> Problem description:
Reproduce exactly the line with "Pekivide Mens Darkthrone" and every line that follows it below, up to and including the last one. Do not include pictures or anything else.
[Information shown — start]
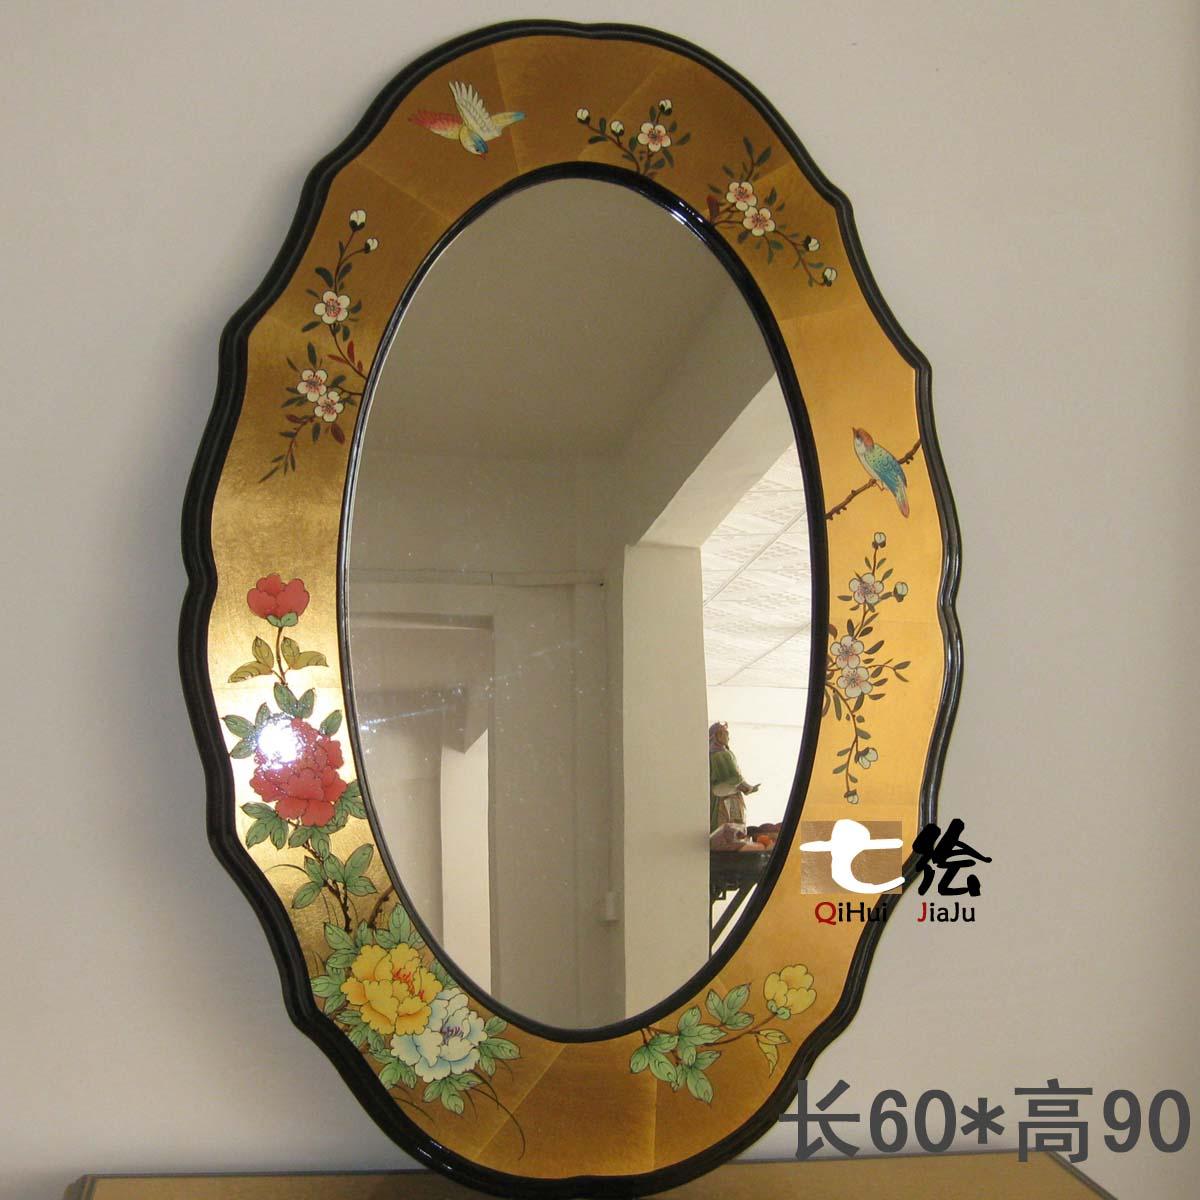 现代中式复古壁挂卧室装饰镜背景墙梳妆镜化妆镜浴室镜子梳妆台镜
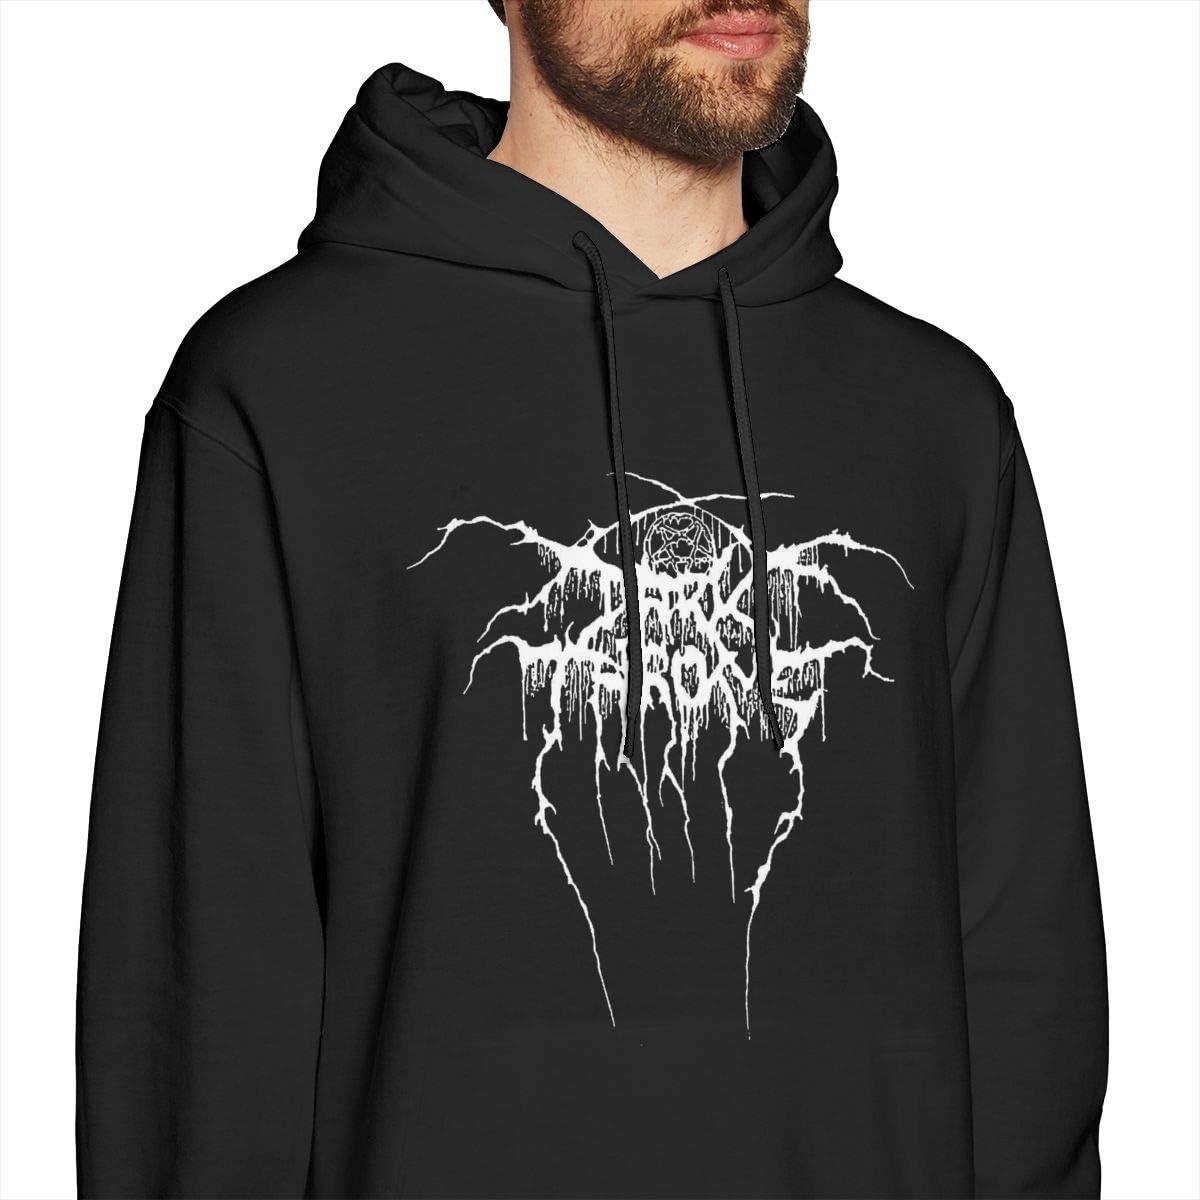 Pekivide Mens Darkthrone Comfortable Black Hoodie Sweatshirt Jacket Pullover Tops
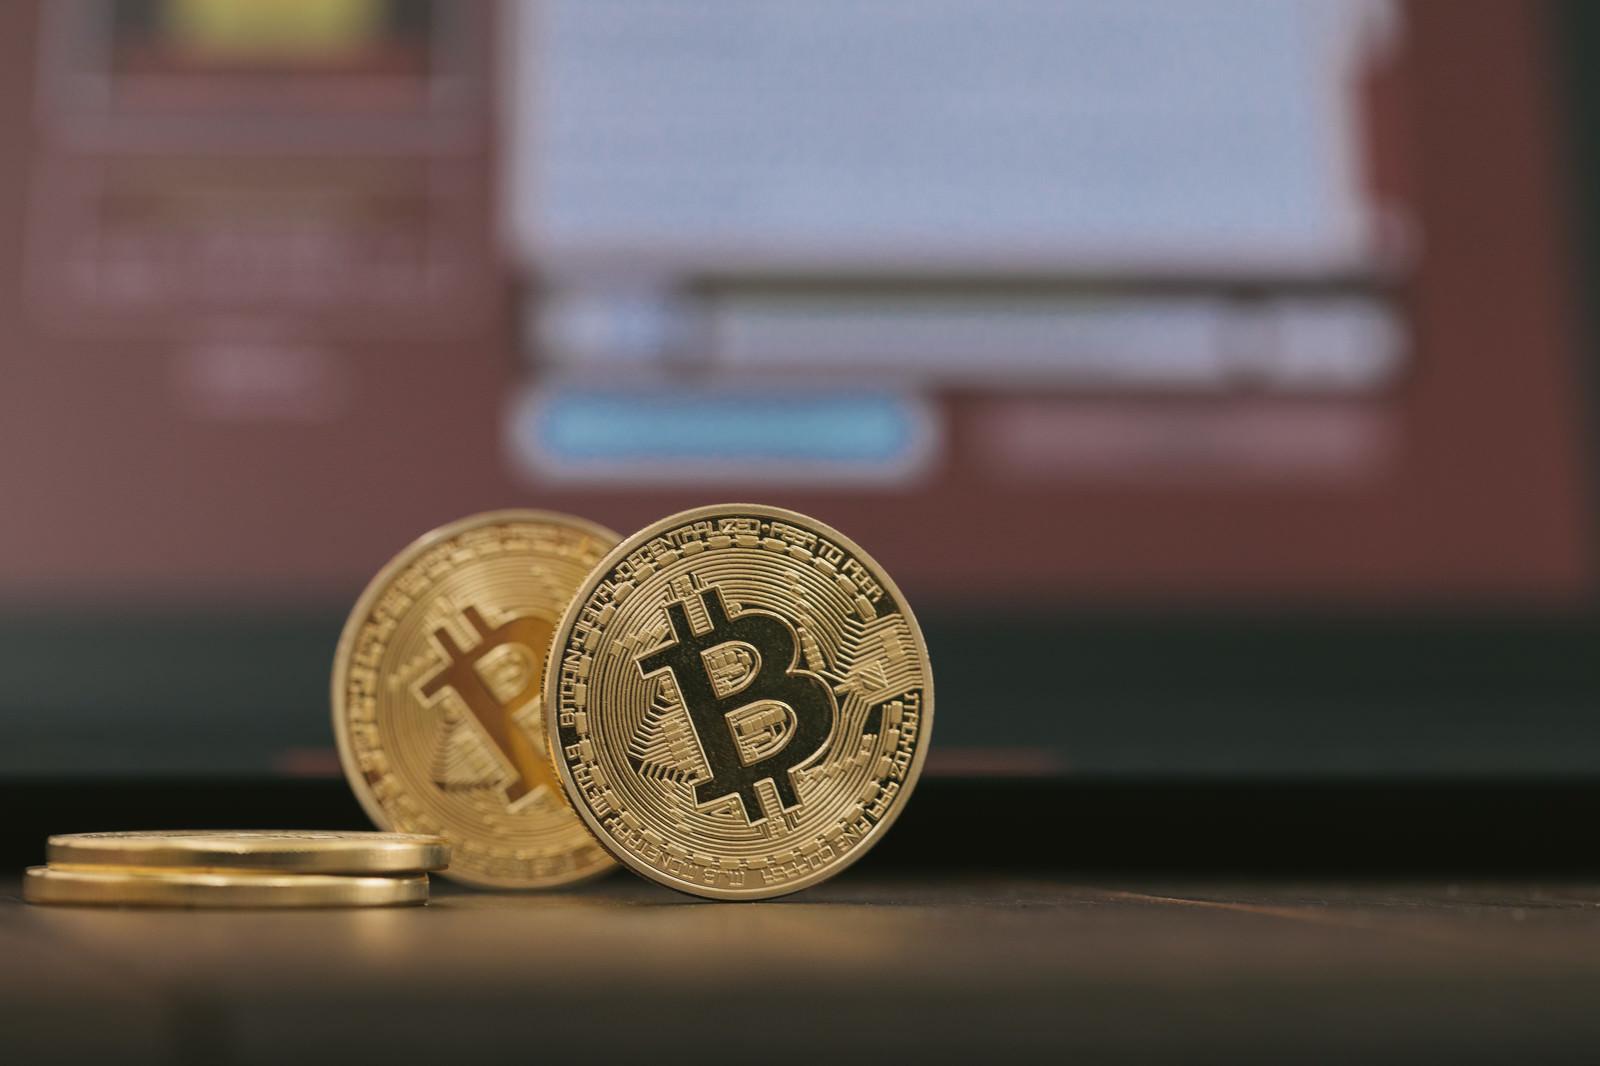 ランサムウェアとビットコインのフリー素材
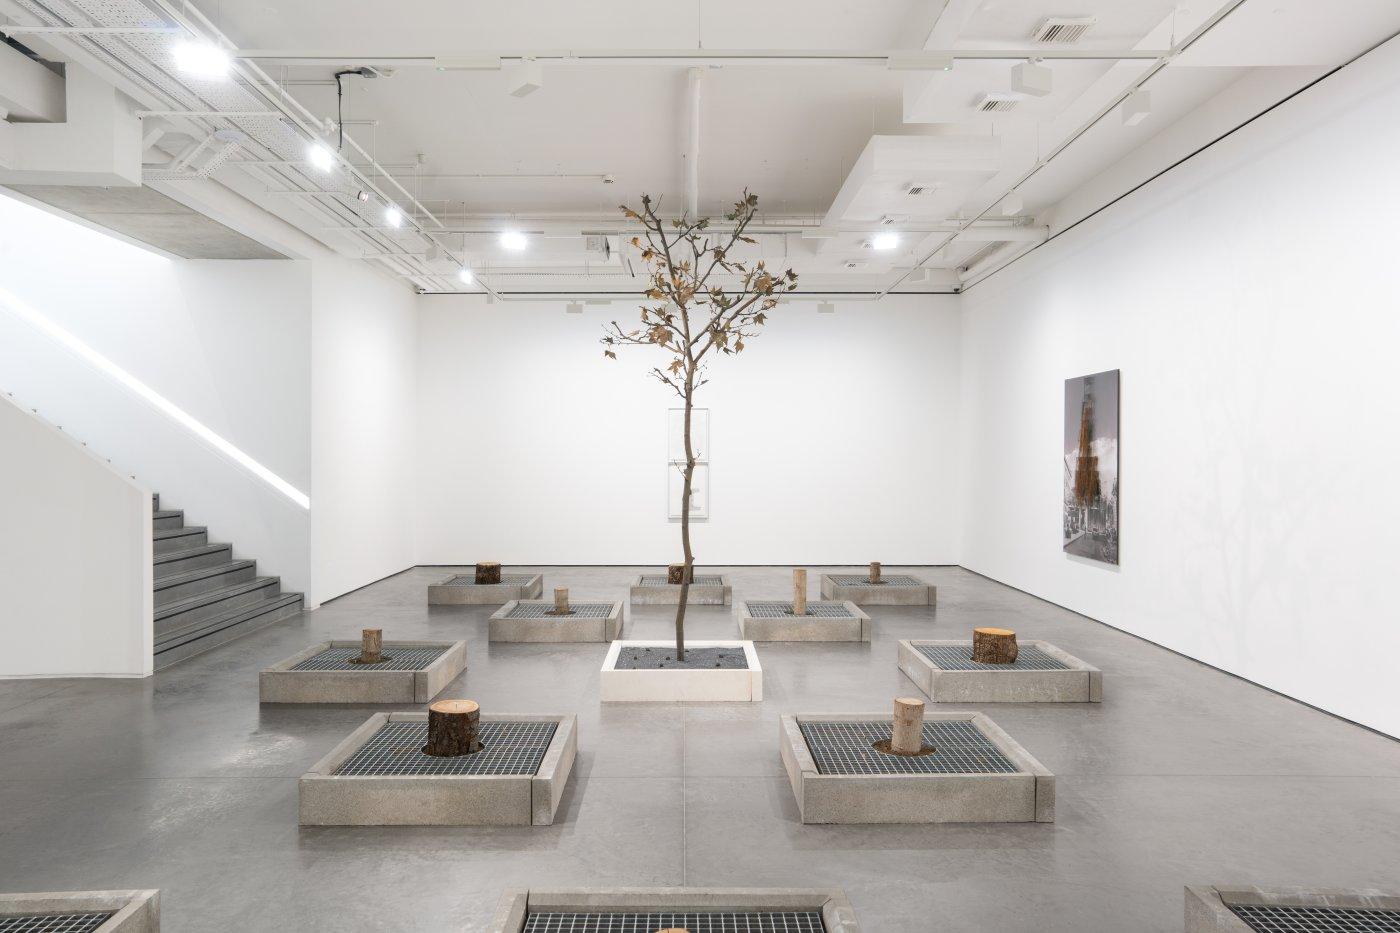 Goodman Gallery Carlos Garaicoa 2
[Information shown — finish]
> Output of the task:
 Pekivide Mens Darkthrone Comfortable Black Hoodie Sweatshirt Jacket Pullover Tops
 ランサムウェアとビットコインのフリー素材
 Goodman Gallery Carlos Garaicoa 2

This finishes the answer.